Word for word, transcribe the lines below and drop the pictures.

SUPPLIED MATERIAL =>
◆ ◆ ◆

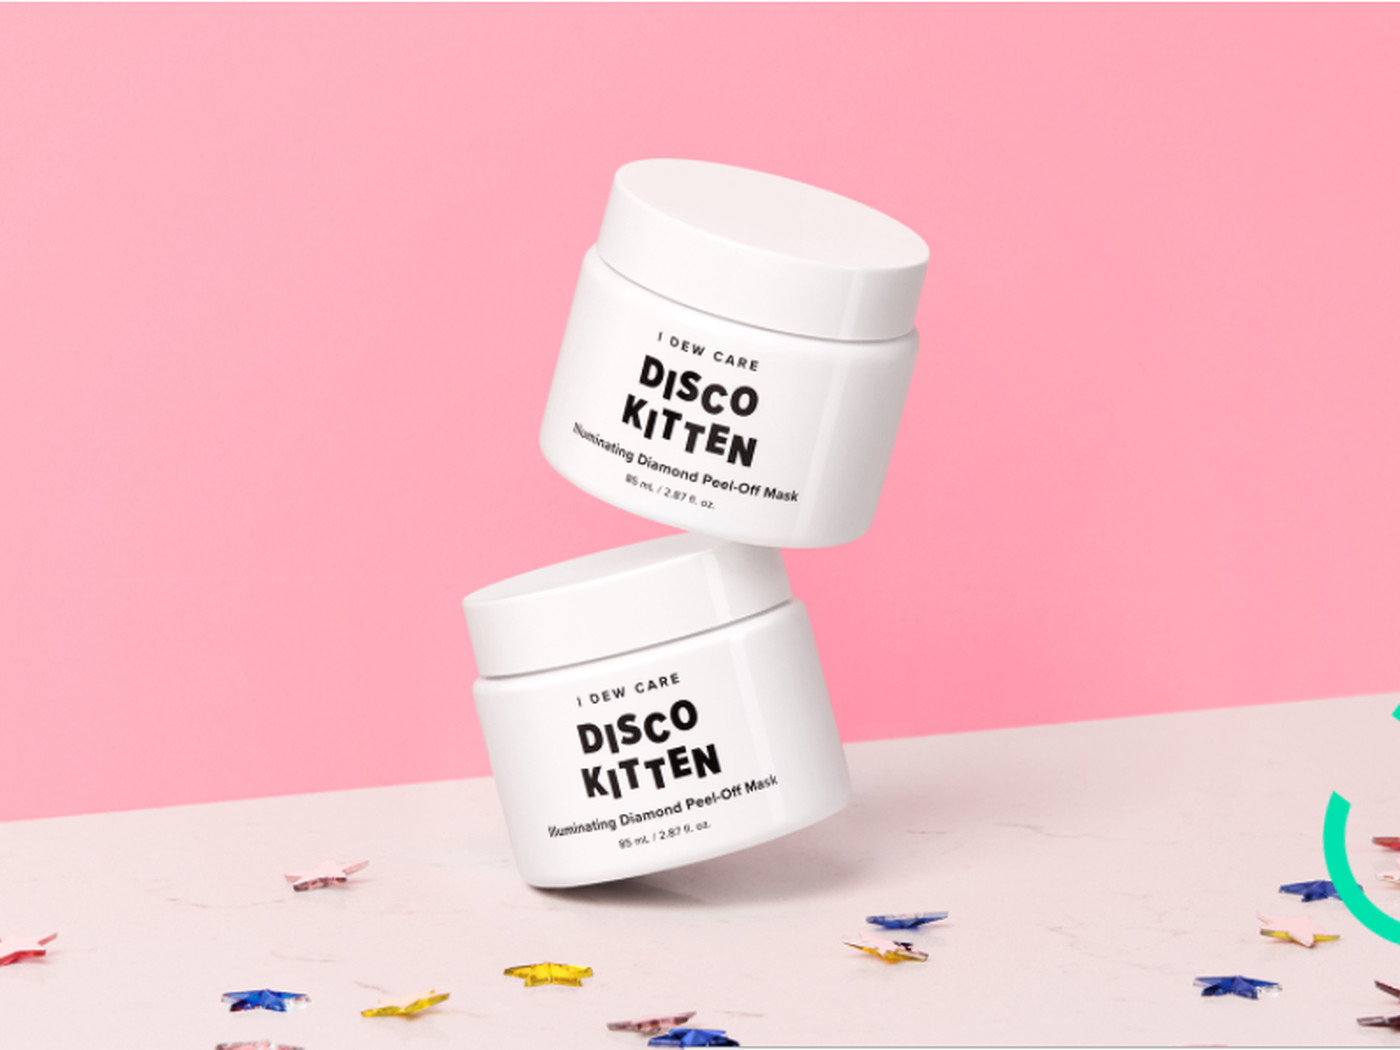 Ulta Can't Keep This New 'Disco Kitten' Mask in - Racked
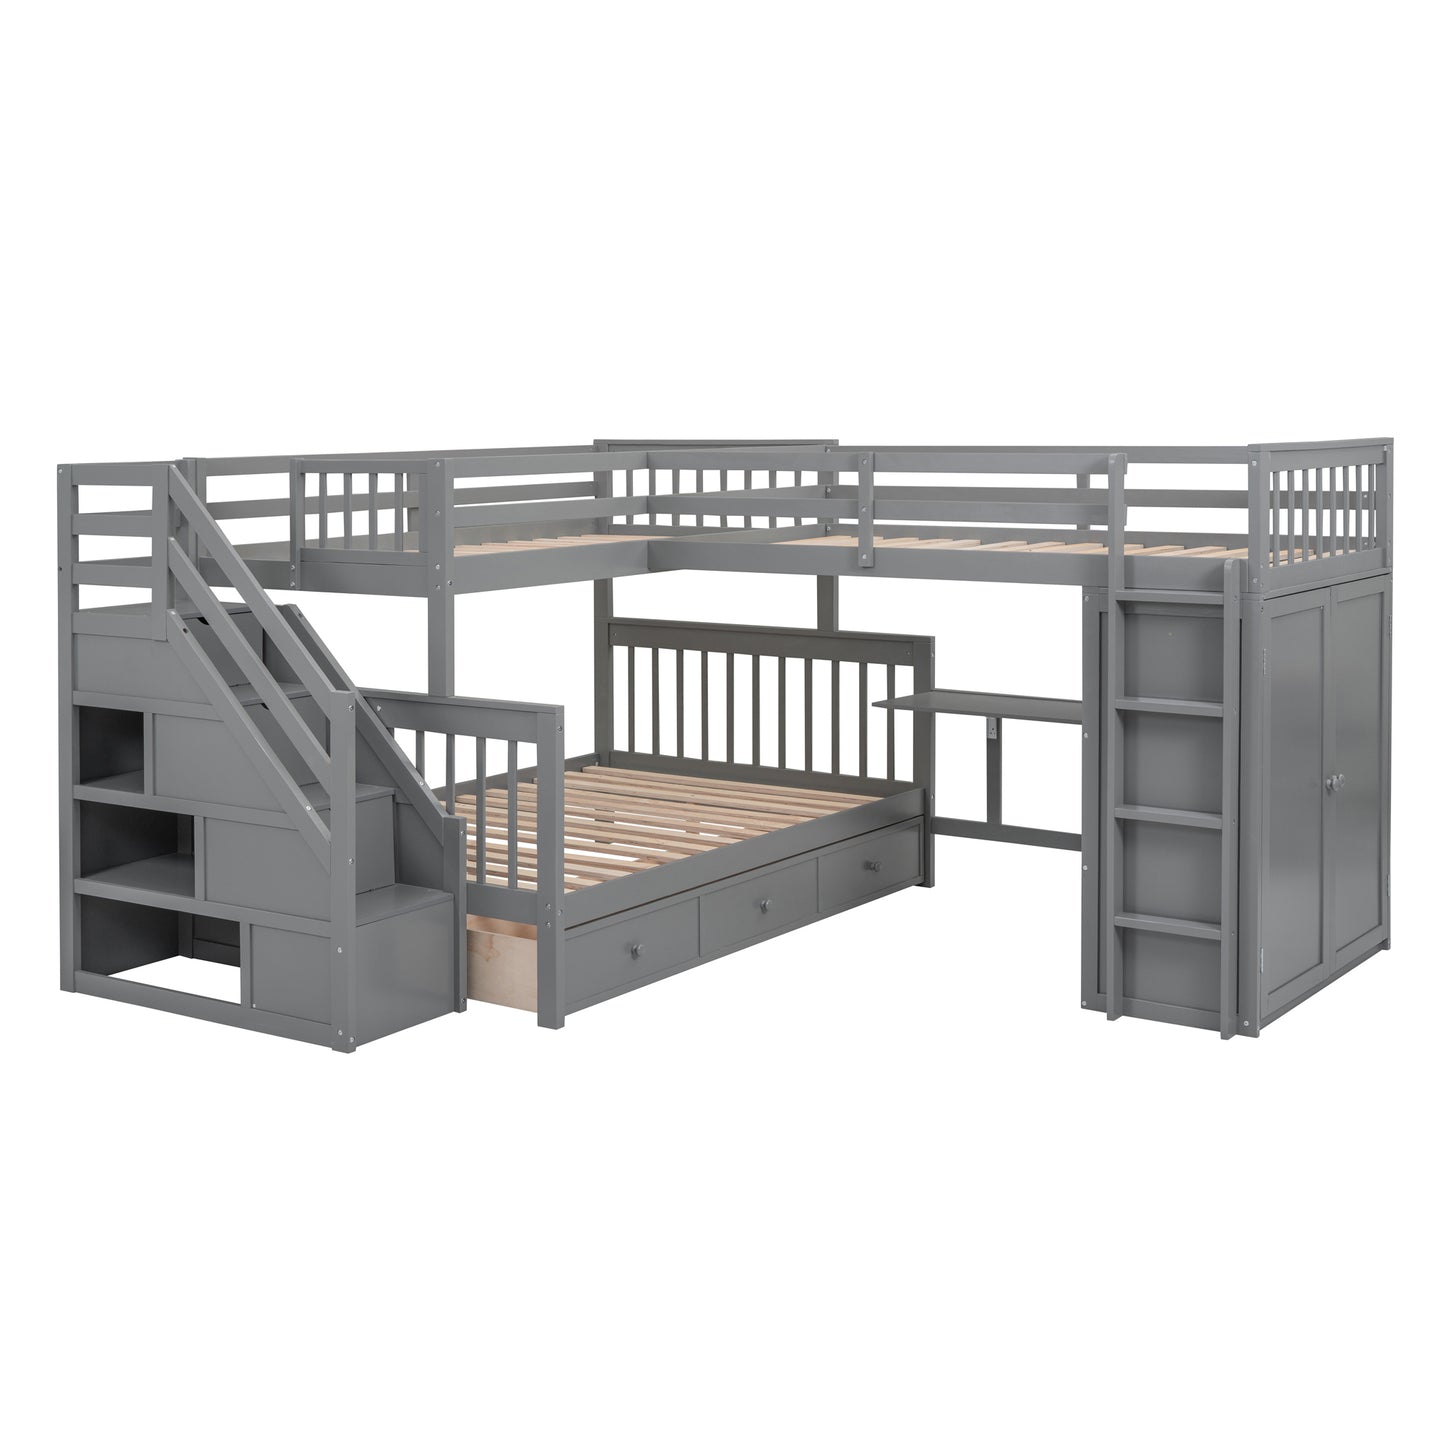 Twin-Twin over Full L-Shaped Bunk Bed With 3 Drawers, Portable Desk and Wardrobe, Gray
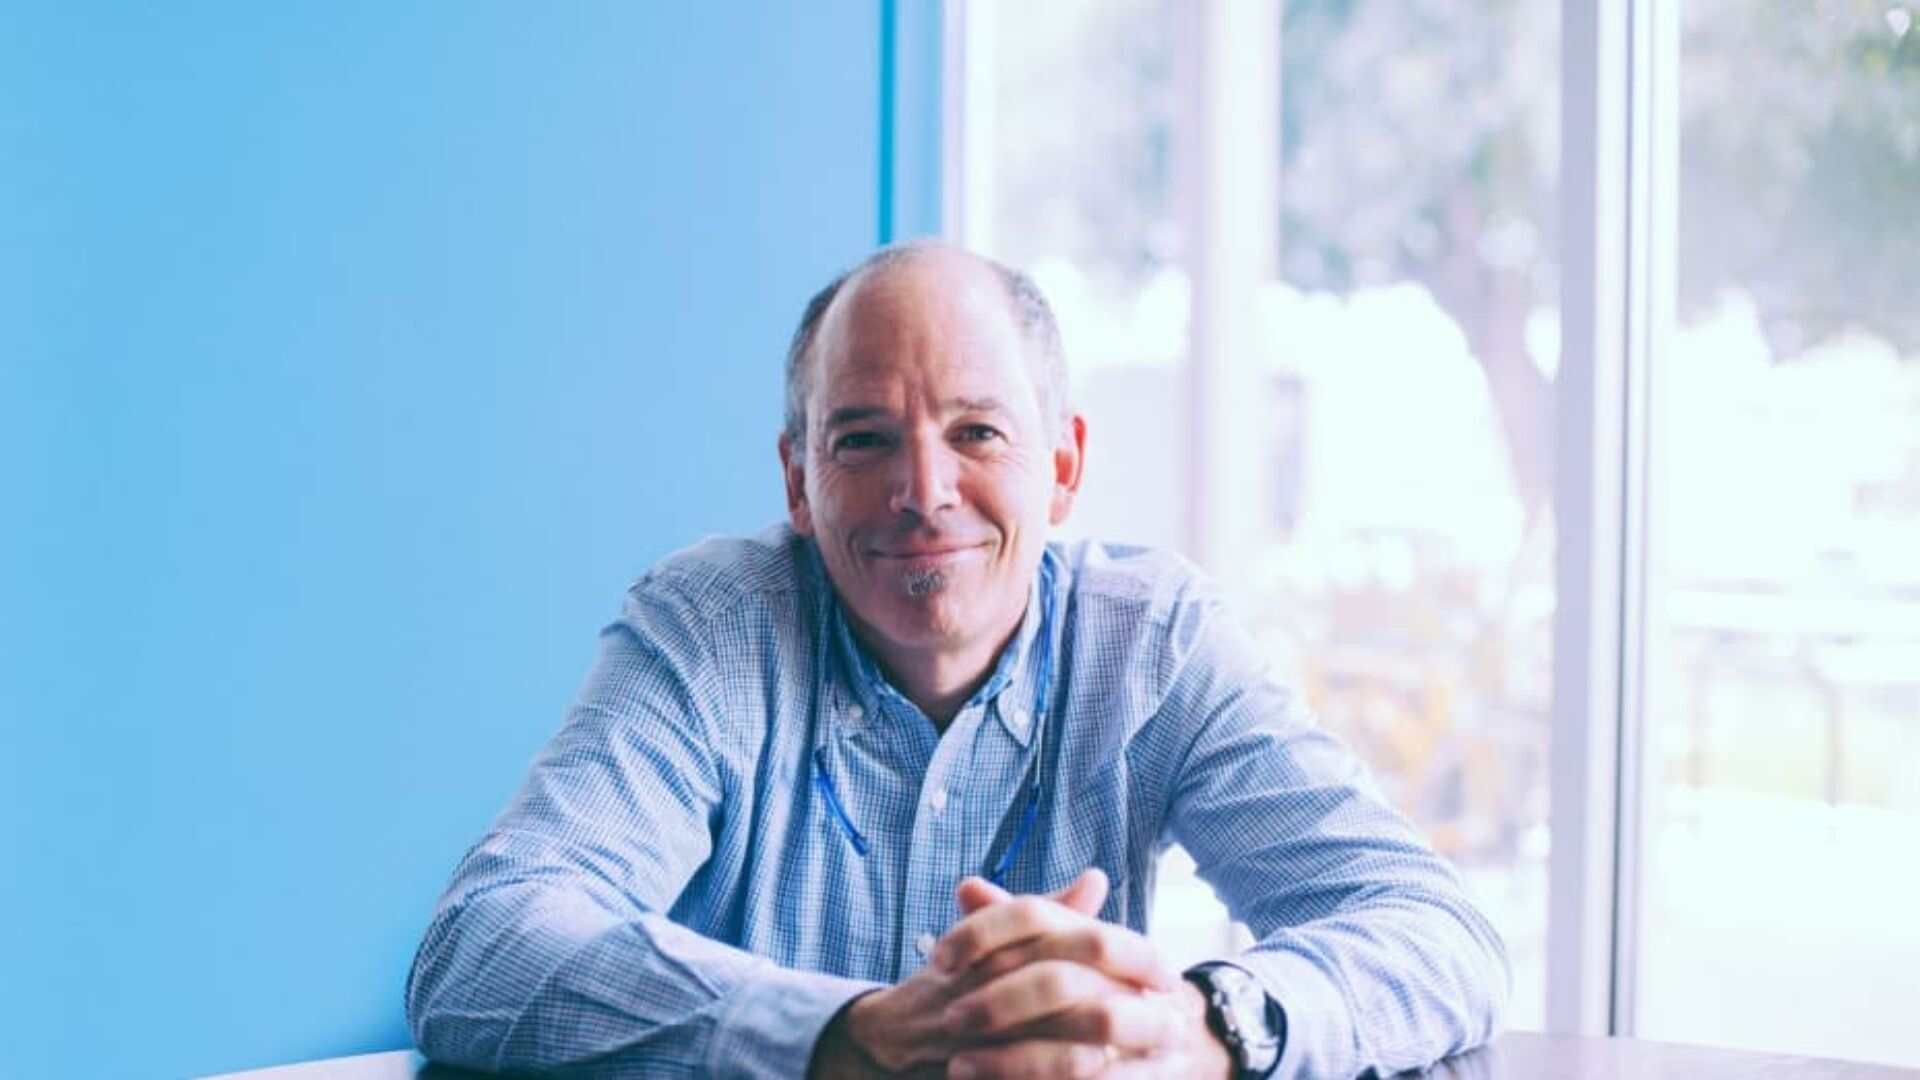 Netflix Co-founder Marc Randolph Shares Father’s Timeless Success Tips, Viral Post
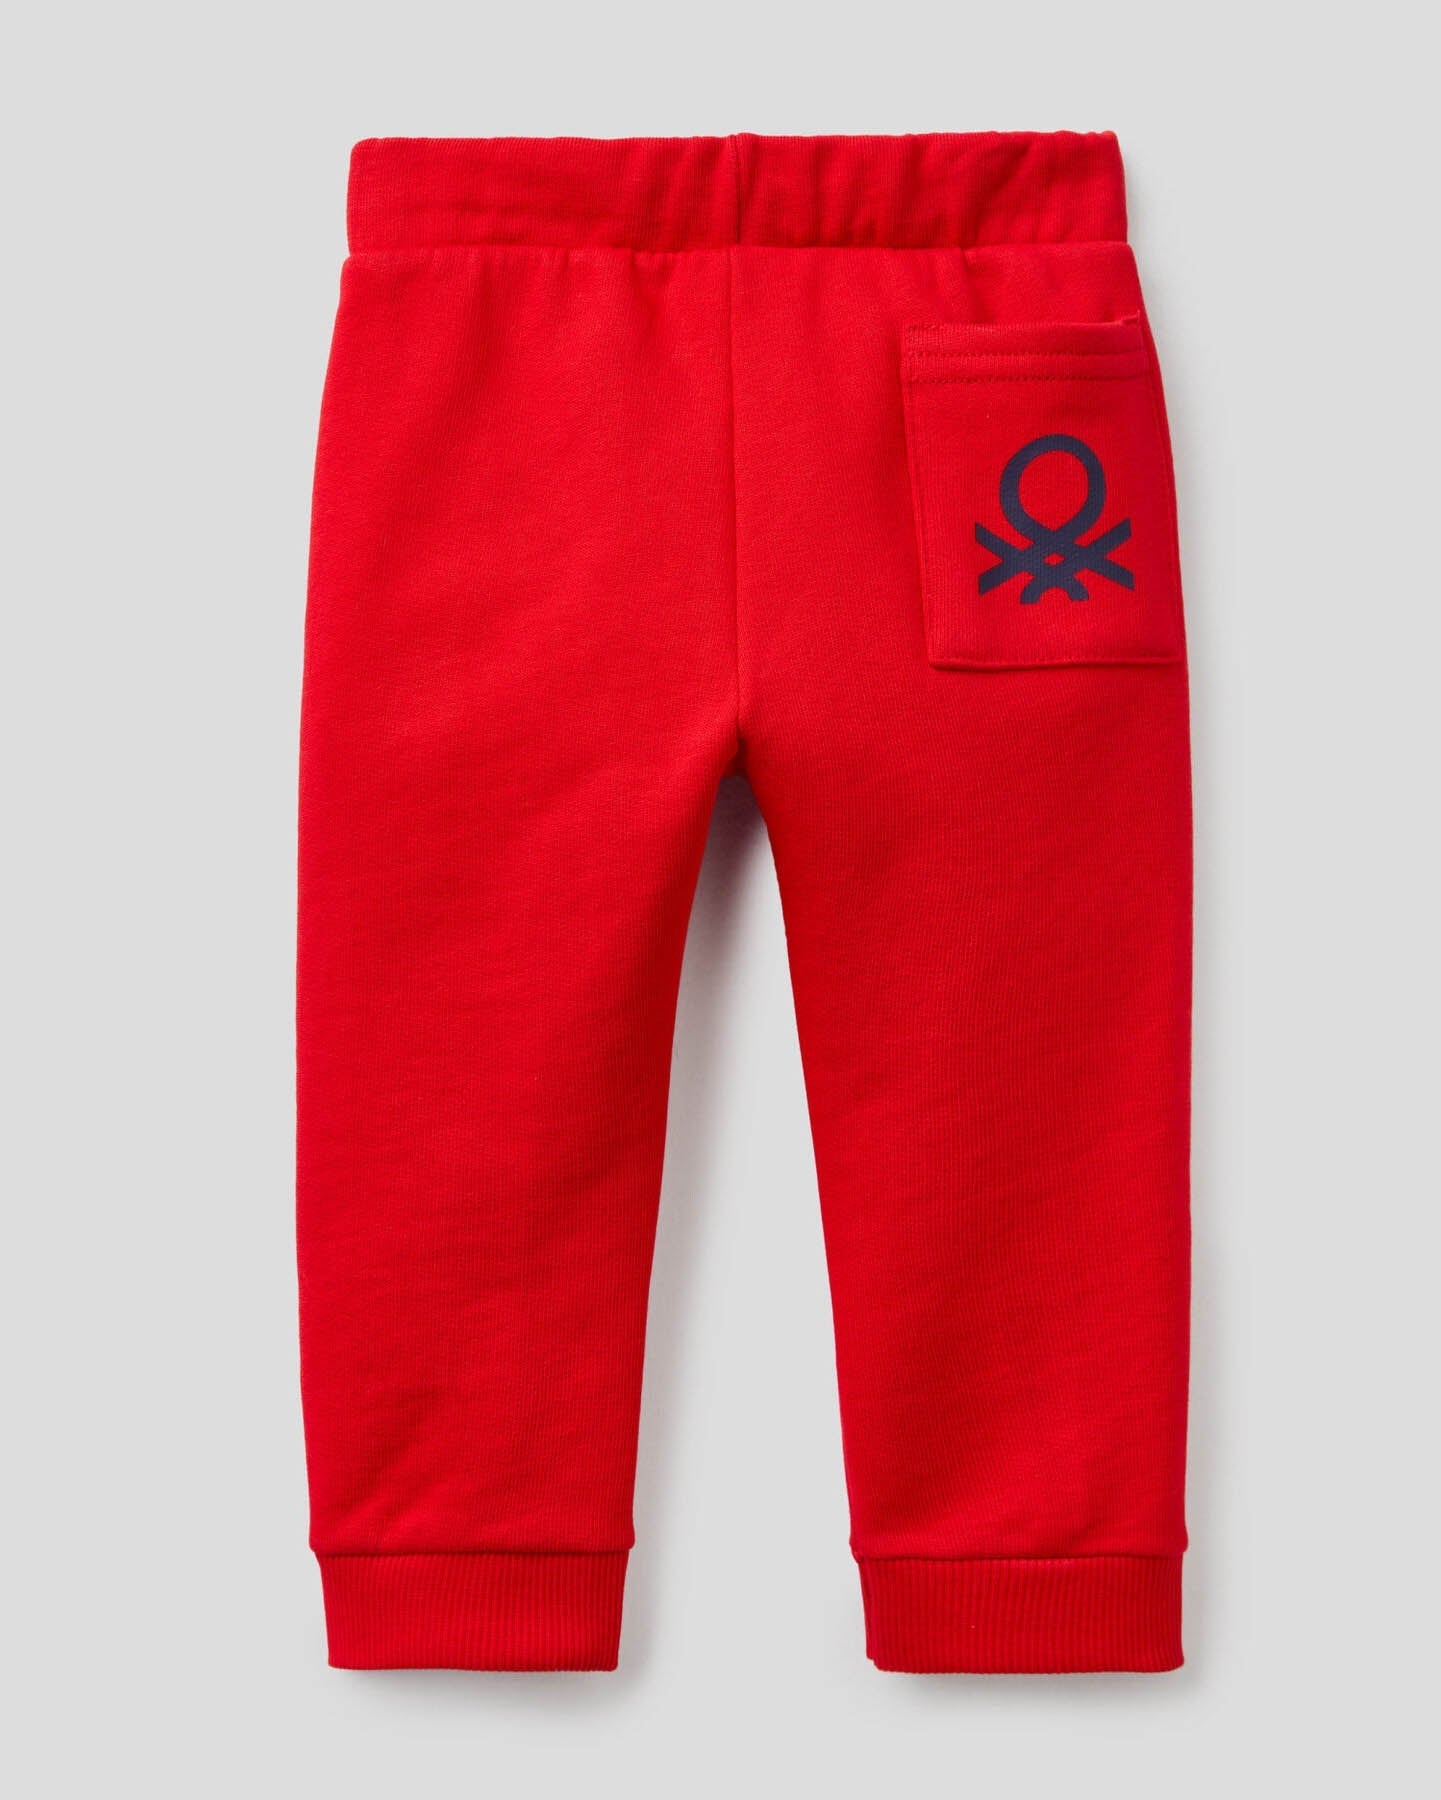 Red Trouser

◆ ◆ ◆

THE ANSWER =>
 Ulta Can't Keep This New 'Disco Kitten' Mask in - Racked
 Twin-Twin over Full L-Shaped Bunk Bed With 3 Drawers, Portable Desk and Wardrobe, Gray
 Netflix Co-founder Marc Randolph Shares Father’s Timeless Success Tips, Viral Post
 Red Trouser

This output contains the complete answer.